A work center supervisor reprimands an Airman because the Airman did not complete a task the supervisor assigned him. The Airman begins to defend himself, but the supervisor cuts him off with, “I don’t want any excuses! Just get back in there and get to work. And from now on do what I tell you when I tell you.” Later, the work center supervisor’s own supervisor approaches her and says, “Sorry for pulling Airman _____ off the job yesterday, but I really needed him.” (Trainee Guide 84)

The guide then asks groups to write responses to a series of questions about what specific aspects of communication broke down in the scenario and how the problems might be resolved. After the trainees compose their answers, they are asked to report back to the larger group, which then discusses responses from all the small groups. The instructor guide, which Logan also provided, emphasizes that “there are no absolutely right or wrong answers here. There are a number of problems in this scenario. The important thing is to get the trainees to think about the scenario, communication, and how breakdowns in communication can lead to conflict” (U.S. Navy Pride and Professionalism 1.3.10).
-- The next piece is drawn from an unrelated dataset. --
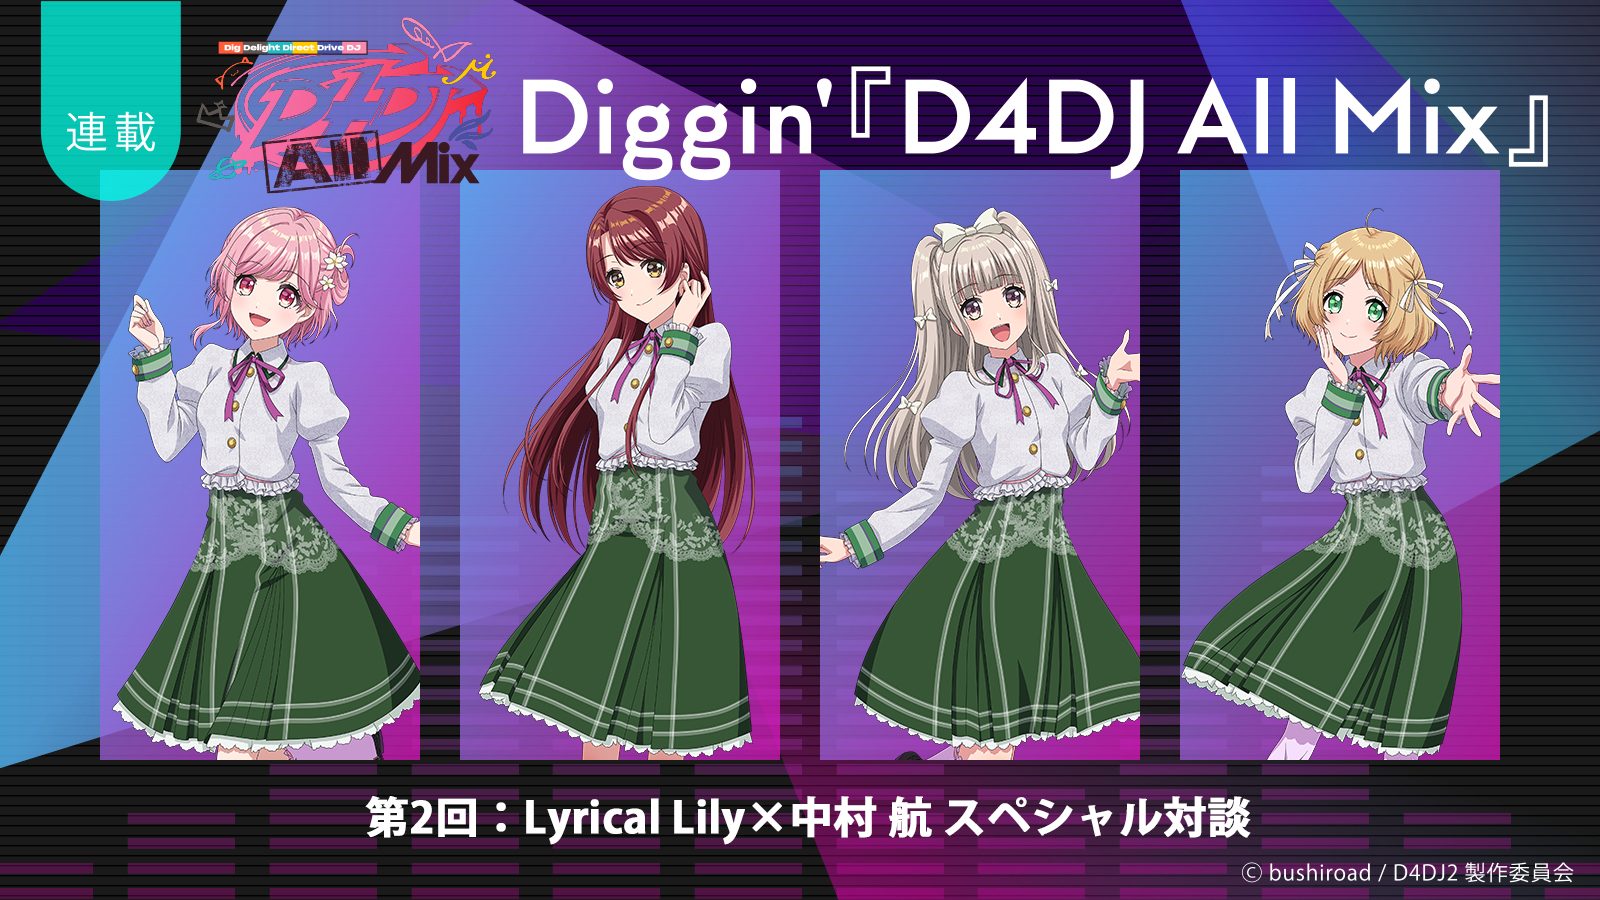 【連載】Diggin’『D4DJ All Mix』第2回：成長の先にある、新たな始まりの一歩――Lyrical Lily×中村 航スペシャル対談

These instructions underscore how the actual learning environment in the military is much richer than the popular reductive portrayals of drill instructors barking orders and enlisted men and women being instructed to shoot, not think.

Despite the parallels between how learning is encouraged in the military and academic environments, andragogical principles are more haphazardly applied in college. Few college courses are really designed with adult learners in mind. Instead, they are structured to teach traditional-age students who are characterized (sometimes implicitly) as novices. This characterization is obviously erroneous when applied to veterans, who have a great amount of experience learning and applying new knowledge, and indeed a great amount of life experience that is useful in college. Yet the curriculum in most undergraduate college classes does not tend to build upon students’ prior experience, nor does it tend to be flexible enough to allow students to follow their individual interests or pursue what they want to know when they want to learn it.
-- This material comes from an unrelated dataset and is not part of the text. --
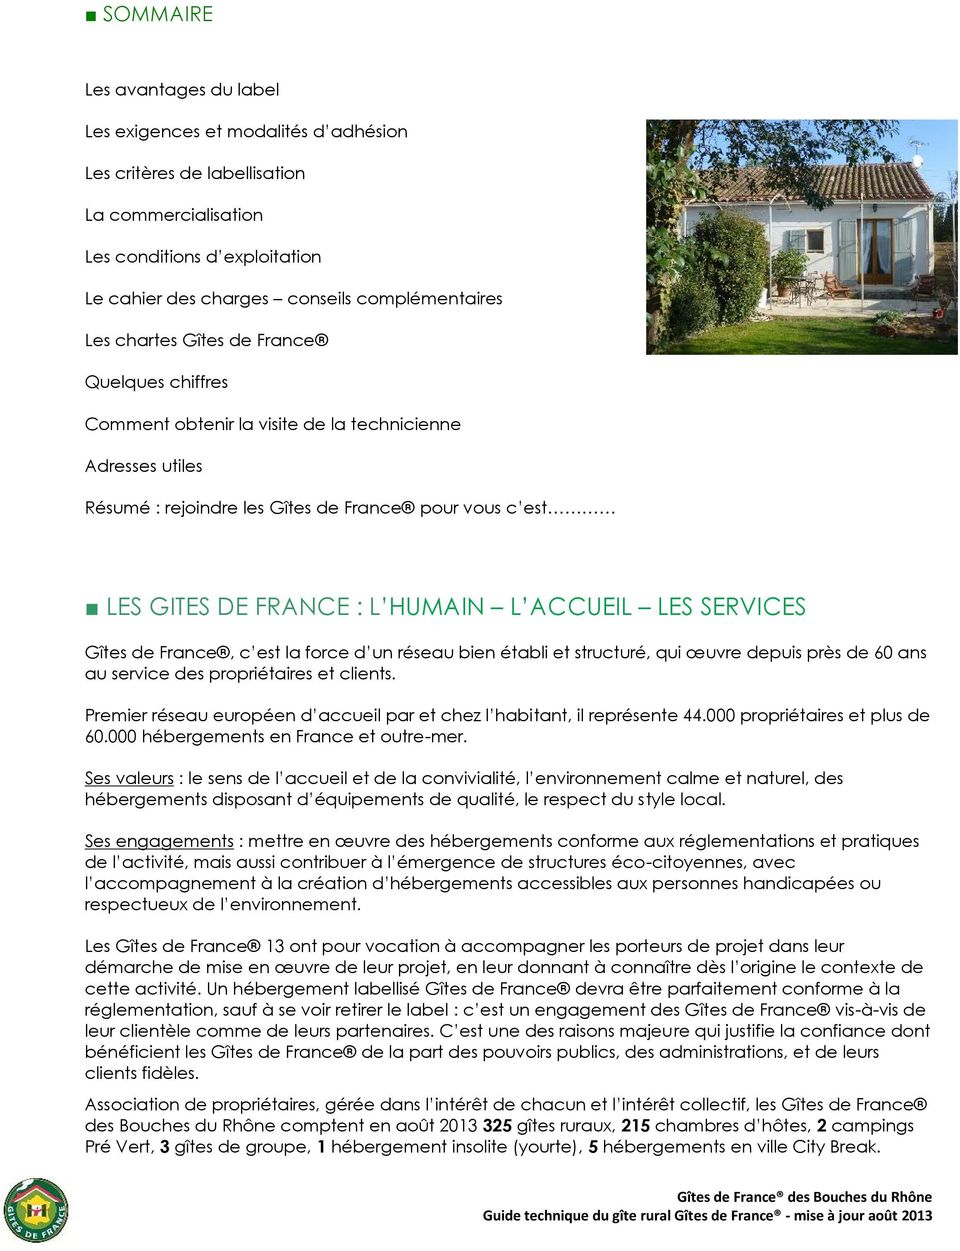 ACCUEIL LES SERVICES Gîtes de France, c est la force d un réseau bien établi et structuré, qui œuvre depuis près de 60 ans au service des propriétaires et clients.

Like the military, we in college want to encourage critical thought, individual initiative, and on-going growth and learning. Employing andragogical principles—building on learners’ prior experiences, being alert for how we can provide learning opportunities when learners are ready for them, increasing learners’ motivation—is one way we can do so. As I detail below, an awareness of andragogy leads to classroom interventions that encourage student veterans to connect college to their life goals and prior knowledge, and hopefully to harness their intrinsic motivation to succeed.

Lessening Learning Shock: Specific Recommendations

It is likely that many student veterans will find the transition to college somewhat jarring no matter what we do. The academy is, in many ways, an odd and idiosyncratic community, and all students need to adapt and adjust as they enter it. However, a more informed understanding of the learning environment student veterans are used to from their military experience can help us develop interventions to ease their transition. I provide several recommendations for writing teachers below.

Exploring Community and Identity

As I noted earlier, veterans come from a sharply defined community of practice, and it is difficult to replicate such a community in college. However, we can (and should) examine the ways we understand community in writing classes. A number of studies have found that student veterans tend to be frustrated by their civilian peers, mostly because of what they perceive as the civilians’ lack of work ethic, unreliability, and superfluous concerns (Persky and Oliver; Wheeler). This frustration came through in my interviews. For example, Logan described sitting in the library doing homework and getting increasingly frustrated at a nearby conversation between two other students about the television show The Voice.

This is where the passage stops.